Since all higher-level interactions were significant, we only report those results here. For the within-modal trials, the stop-matched trials were significantly faster than the approximant-matched trials (β = −0.01968, S.E. = 0.0035, t = −4.8, p = 0.0052). For the within-modal condition, the approximant-control (β = −0.0181, S.E. = 0.00351, t = −5.155, p < .001) and stop-control trials (β = −.0072 S.E. = 0.00371, t = 2.99, p = 0.0041) were significantly slower than the approximant matched trials. Overall, the results from the L2 listeners show an interaction between mode and phonetic variant. This is shown in Figure 3.

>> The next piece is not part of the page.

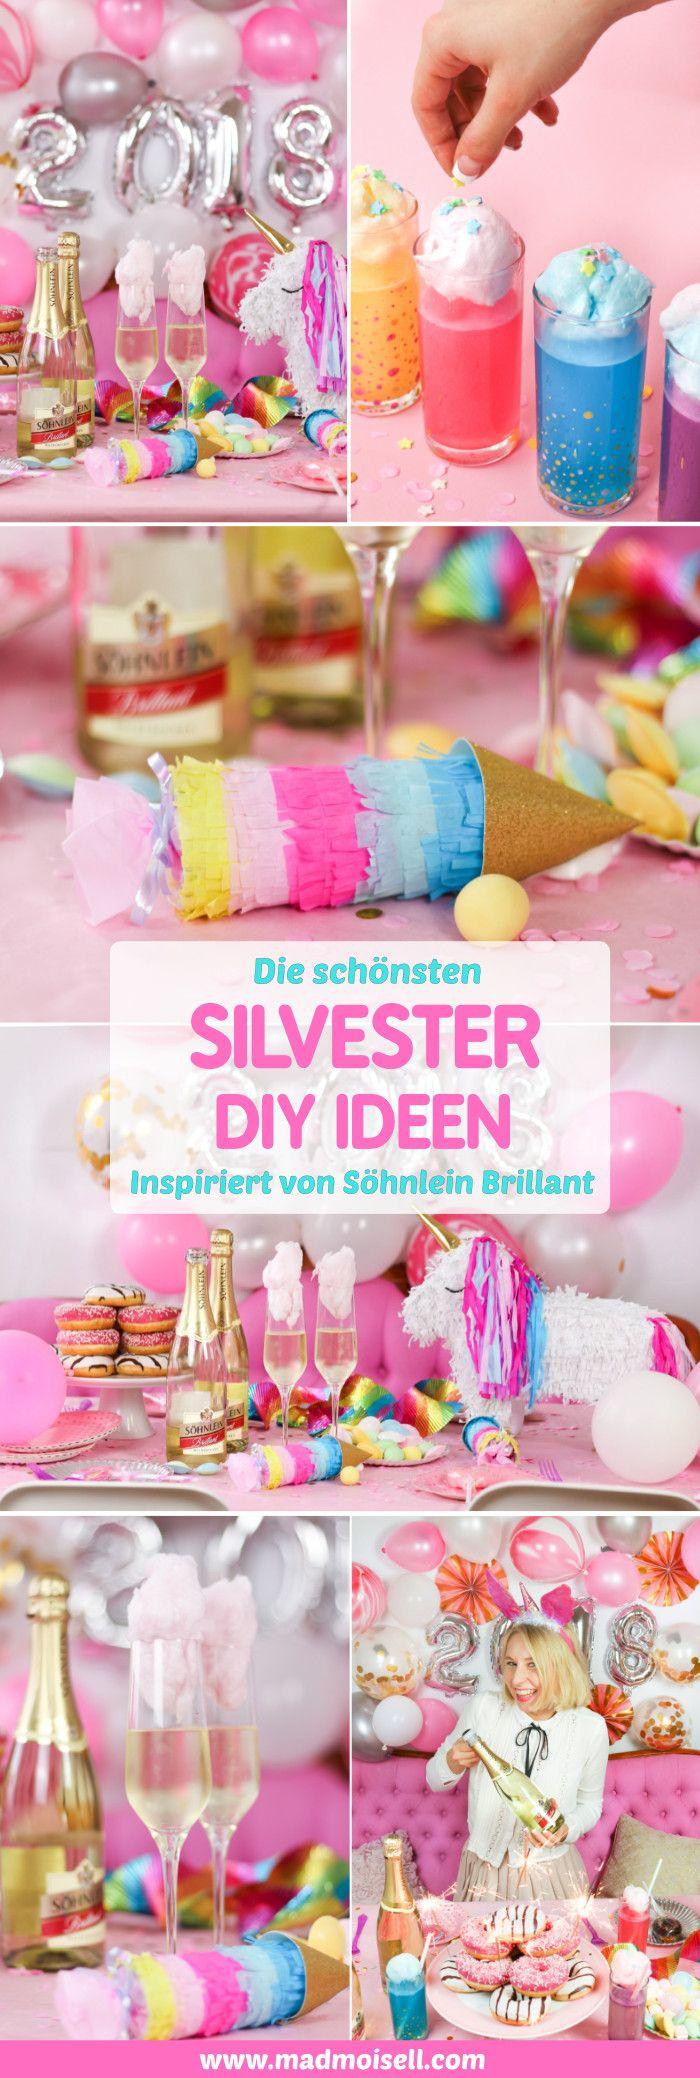 21 best diy silvester ideen f r 39 s neue jahr images on. Black Bedroom Furniture Sets. Home Design Ideas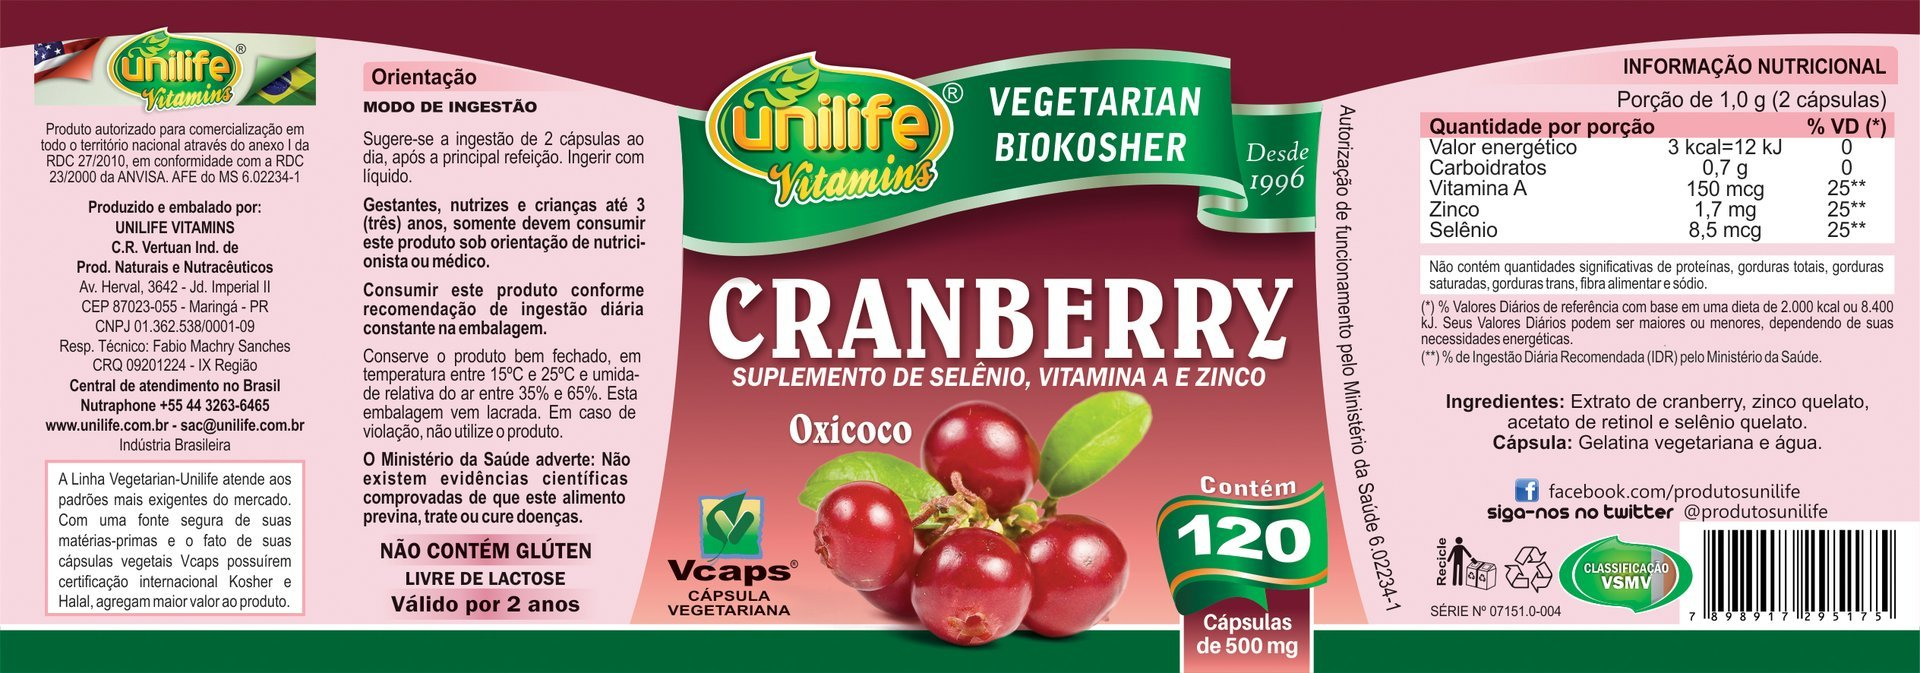 cranberry-capsulas-unilife

Interaction between mode and phonetic variant for L2 listeners.
These results lend support to the hypothesis that when L2 listeners see the written grapheme that corresponds to a native language phonetic category, hearing a target word that is consistent with the L1 grapheme shortens lexical decision times, even when this phonetic variant is not consistent with the L2 input. In other words, native language phonetic categories are activated when reading words in a second language and auditory targets that are consistent with the native language phonetic categories are also activated, to a greater extent (as shown by the significant difference between stop-matched trials and approximant matched trials for the within-modal condition) than the second language phonetic variant. This interaction is portrayed in Figure 3.
We created a third model, using reaction time data from the Spanish listeners only, using the function lmer within the statistics software package R. The total number of trials was 3,767. We followed the same model testing procedure outlined above, starting with a maximal random effects model (Barr et al., 2013) that included varying intercepts for participants, with random slopes for mode and trial type. We also included varying intercepts for trial, with random slops for mode (trial type was a between-item variable and was thus excluded). When the maximal model failed to converge, the random structure was simplified using a backward model selection procedure. We removed first the random slopes for each predictor (but kept the random intercepts of participant and item), and at each step the simplified model was compared to the preceding model using a Chi-squared test. If the test results were nonsignificant, we stopped with the simplified random effects structure. The results revealed that the best model included random intercepts for trial only.
For the fixed effects structure, we followed the same backward model selection procedure described above for Model 2. The final model included random slopes for trial only and the fixed effects structure included an interaction term for trial type and mode. The kappa value was 11.04, indicating mild collinearity Table 5 portrays the results from this model.
Results from Experiment 1: Native Spanish listeners.
Notes. Significance codes: *** = .001; ** = .01; * = .05. Effect sizes were obtained for the treatment-coded model (approximant-matched, cross-modal as baseline) using the MuMin package in R (Bartoń, 2016, v.1.15.6, based on Nakagawa and Schielzeth, 2013). The R2m (marginal R2, corresponding to fixed effects) was 0.51. The R2c (conditional R2, corresponding to the fixed effects and random effects) was 0.81.
The results from Model 4 support the hypotheses laid out at the beginning of the study. For the within-modal trials, the native Spanish speakers were significantly slower on the stop-matched trials than on the approximant-matched trials (β = 0.1025, S.E. = 0.00333, t = 30.74, p < 0.0001). They were also slower on both control trial types, compared to the baseline cross-modal approximant-matched trials (approximant control: β = 0.1325, S.E. = 0.0051, t = 39.6., p < 0.0001; β = 0.0988, S.E. = 0.00436, t = 22.64, p < 0.0001). To test for a main effect of mode, corresponding to the hypothesis that the native Spanish speakers would only show an effect for phonetic variant, we converted trial type to a sum-coded numeric representation (based on procedure described in Levy, 2014) and conducting a likelihood-ratio test between mixed-effects models differing only in the presence or absence of a fixed main effect of mode. Both models included an intercept, a main effect of trial type, and an interaction between mode and trial type. The likelihood-ratio test showed no evidence for a main effect of mode (p = 0.533). Figure 4 portrays these results.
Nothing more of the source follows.